Hi all,
Wondering if I can also jump in? As I seem to be very close to a few of you on timings!
I just had my first ever FET (well, first transfer of any sort) today. I've already had quite the rollercoaster, and due to some health issues/disabilities that make my treatment harder (have to go 100% natural no progesterone because of migraine disorder, bladder disability that causes bladder spasms/severe bladder pain, and a severe vein phobia/bad veins that means I require heavy meds to even get one draw, had to have general for EC etc).
I'm with Lister. Had to save for a year, max out credit lines, even sell my beloved horse that was like a pet, all to pay for one round. I did EC in mid-October, elective freeze all because of PGT-A. Of my four blasts, two were good quality but they were PGT-A aneuploid, leaving two euploids of poorer quality. Interestingly, shows that PGT-A testing saved me at least 6 months delay and £4k minimum (aka two FETs) because the two best morphology would have been transferred first without PGT-A results, but wouldn't' have had a chance.
My FET is on a totally natural cycle and I ovulated about 6 days late, first LH surge morning of cd21 which made me nervous but lining looked spot on and they confirmed ovulation via scan (though is still making me nervous that I don't know if I actually ovulated Tues or Weds- just that I had by Thurs morning).
Overall I've found this whole process the hardest thing to go through in my life (and I've not had an exactly easy-peasey life), and wouldn't wish it on my worst enemy! My health issues seem to make everything more complex and also stress me out that it will mess with potential success rates.
Anyway, I'm feeling very deflated/defeated/flat/even depressed following today's transfer.
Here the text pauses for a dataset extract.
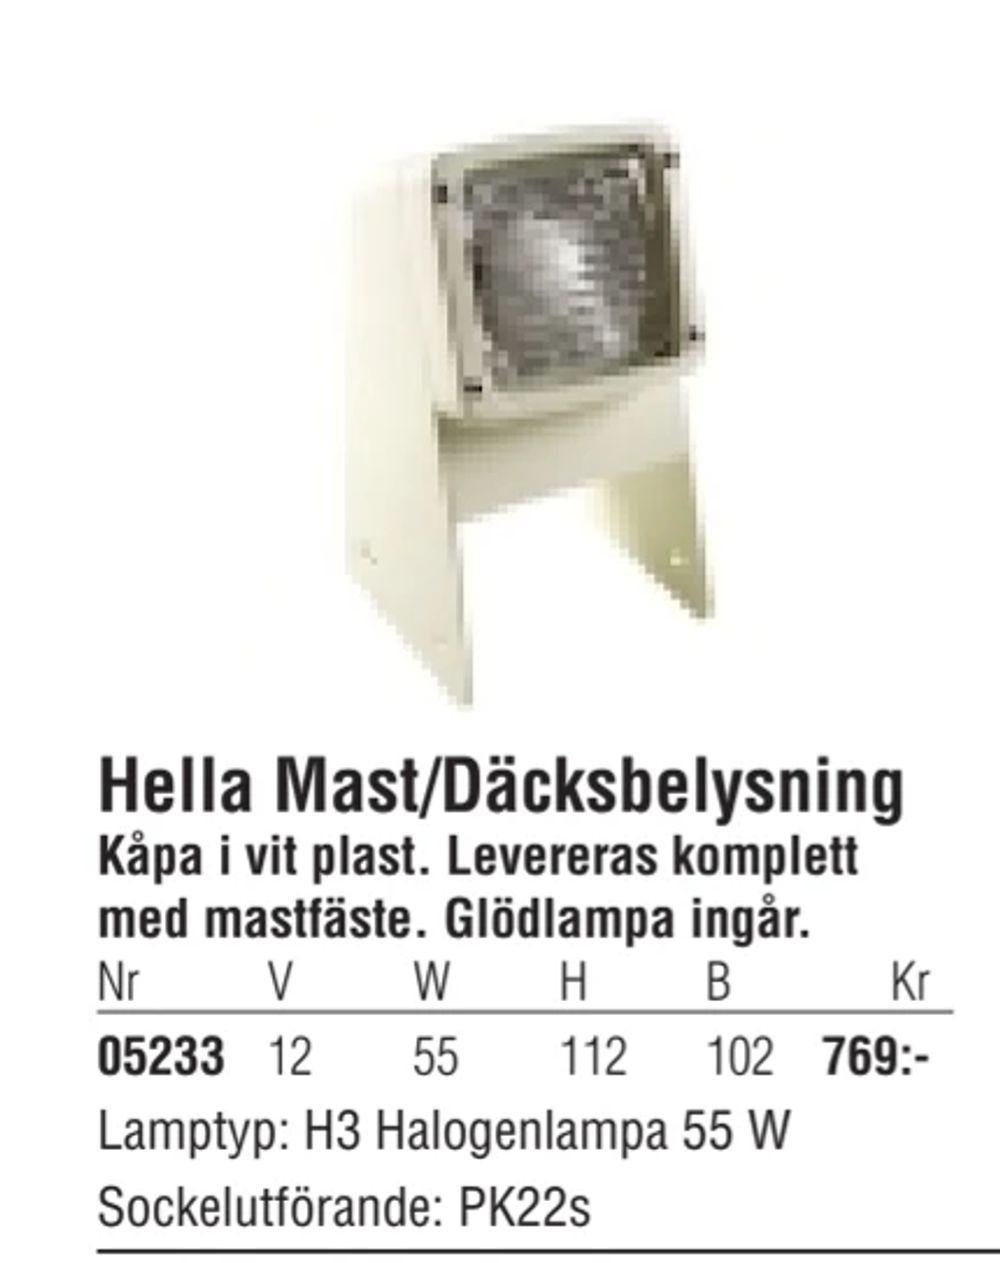 Erbjudanden på Hella Mast/Däcksbelysning från Erlandsons Brygga för 769 kr

I think mostly because its a lower quality embryo and I have zero progesterone support. Sorry to be a debbie downer!
My embryo transferred today didn't improve morphology after thawing but it did go from a 5 to a 6 and fully hatch. I have mixed feelings about this too- on the one hand it was clearly still 'on a mission' and doing its thing, on the other I feel like if I didn't ovulate until Wednesday night, that an already hatched embryo might be slightly too soon in terms of the receptivity window as it will try to implant right away. Not having any LPS support is stressful! Have everything crossed now and not sure if when I'll first test, but I do know that I'd prefer to know if I have a chemical rather than not know, so I'll probably first test no later than 5dp5dt!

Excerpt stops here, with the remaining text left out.